Perşembe günü yapılacak PPK toplantısında piyasanın genel beklentisi faizin sabit bırakılması yönünde. Peki, TCMB yakın vadede piyasaları ne zaman ve nasıl şaşırttı?

  • Ocak 2014’te %4,5 olan bir haftalık repo ihale faiz oranı %10’a yükseltildi (Marjinal fonlama oranı %7,75’ten %12’ye, GLP borç verme faiz oranı %10,25’ten %15’e yükseltildi).
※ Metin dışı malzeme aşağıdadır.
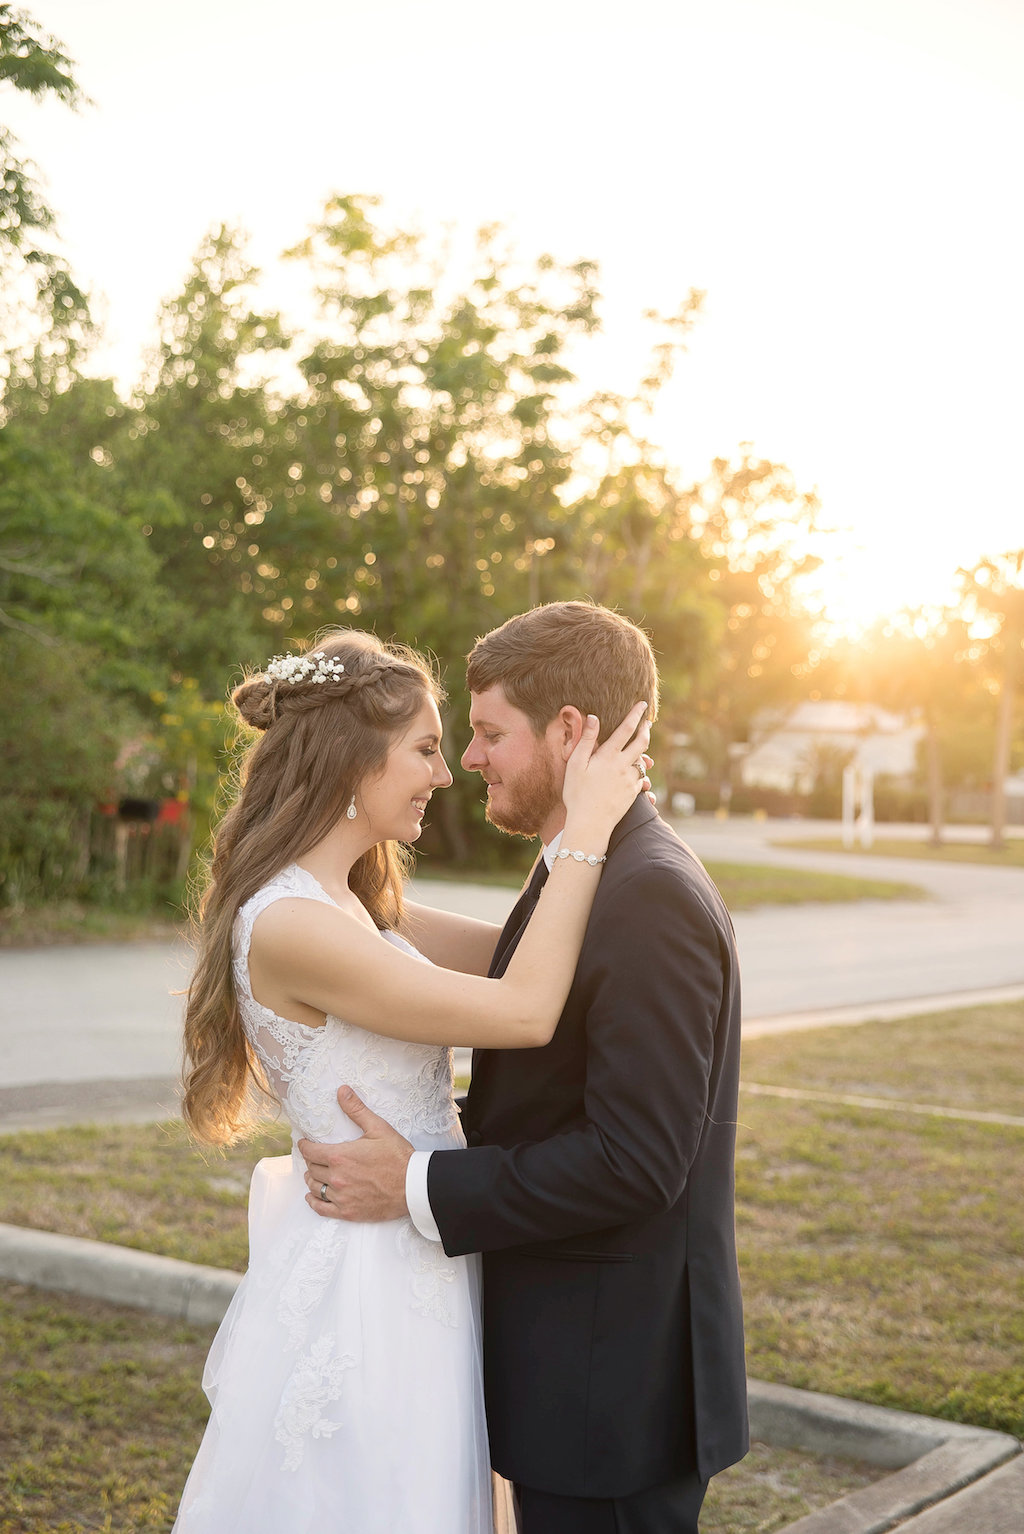 Outdoor Sunset Bride and Groom Wedding Portrait, Bride in A-Line Lace and Cap Sleeve Wedding Dress, Groom in Navy Blue Suit | Tampa Bay Photographer Kristen Marie Photography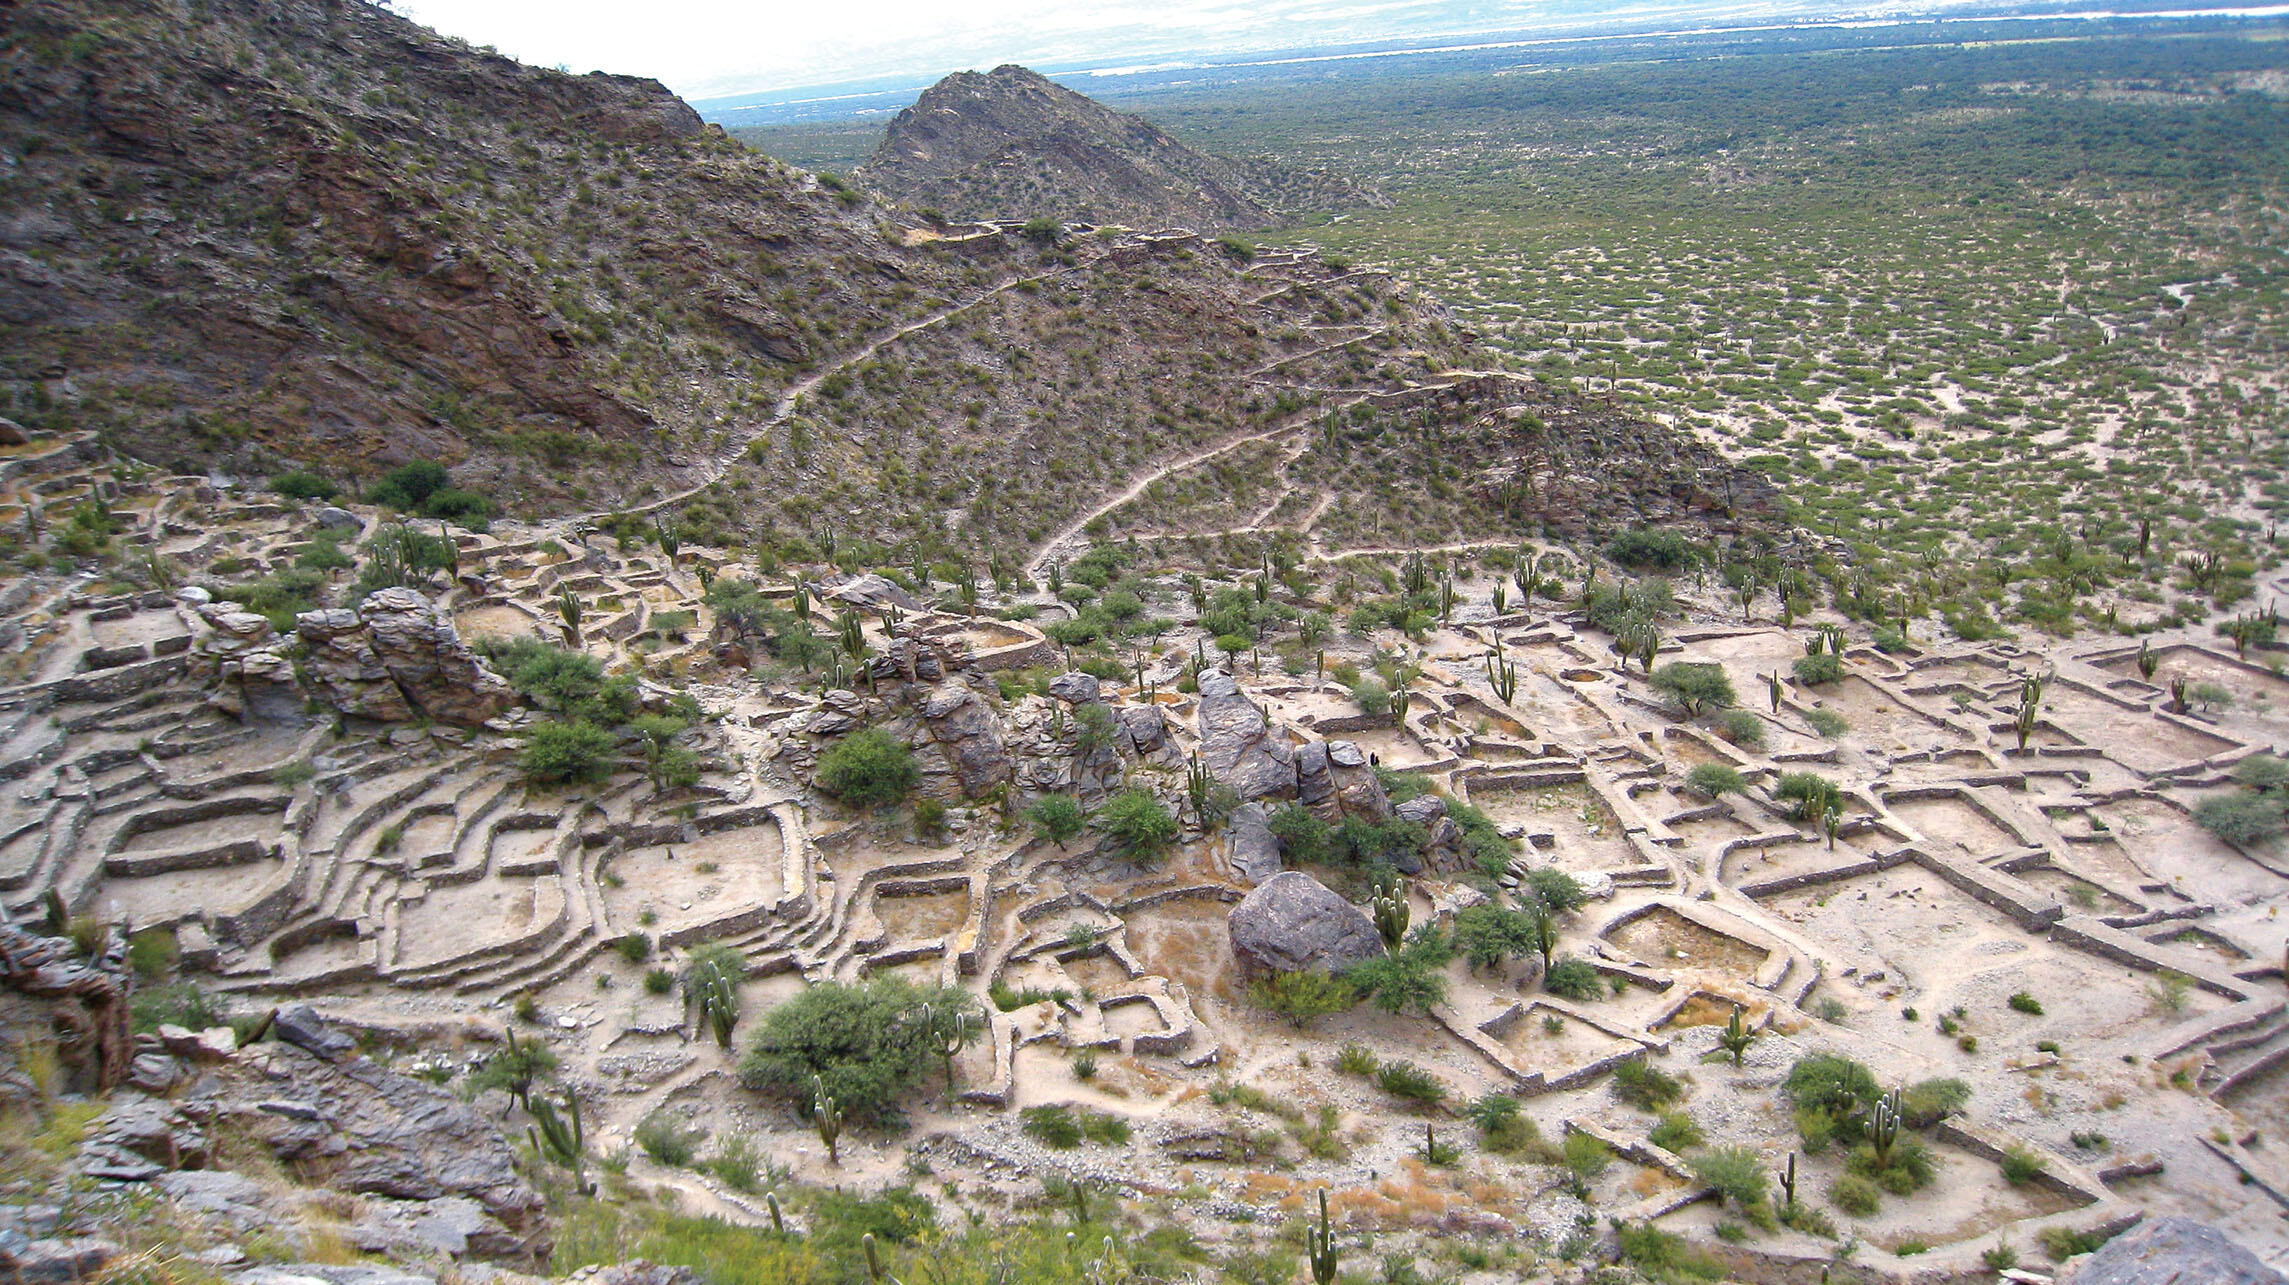 The Quilmes ruins terraced into a hillside in Tucumán,  Argentina. (Photo by Alicia Nijdam-Jones.)

TCMB, piyasa beklentilerinin üzerinde bir faiz artışı yaptı, gerekçe olarak da kur ve CDS’teki yükseliş ve bunun ilerleyen aylarda enflasyona yansıması gösterildi. (Bu tarihte dolar kuru 2,40 ile rekor kırdı ve TCMB Başkanı Erdem Başçı’ydı)
  • Ocak 2014’te %10’a çıkarılan faiz yıl içinde %8,25’e düşürüldü ve Mayıs 2018’e kadar da tek hanede kaldı. Bu dönemde dolar kuru 2015’te 3,0 seviyesini; 2016’da 3,60 seviyesini; 2017’de 3,90 seviyesini aştı. Enflasyon Ocak 2017’ye kadar tek haneyi korudu, ancak Şubat ayında %10 üzerine çıktı.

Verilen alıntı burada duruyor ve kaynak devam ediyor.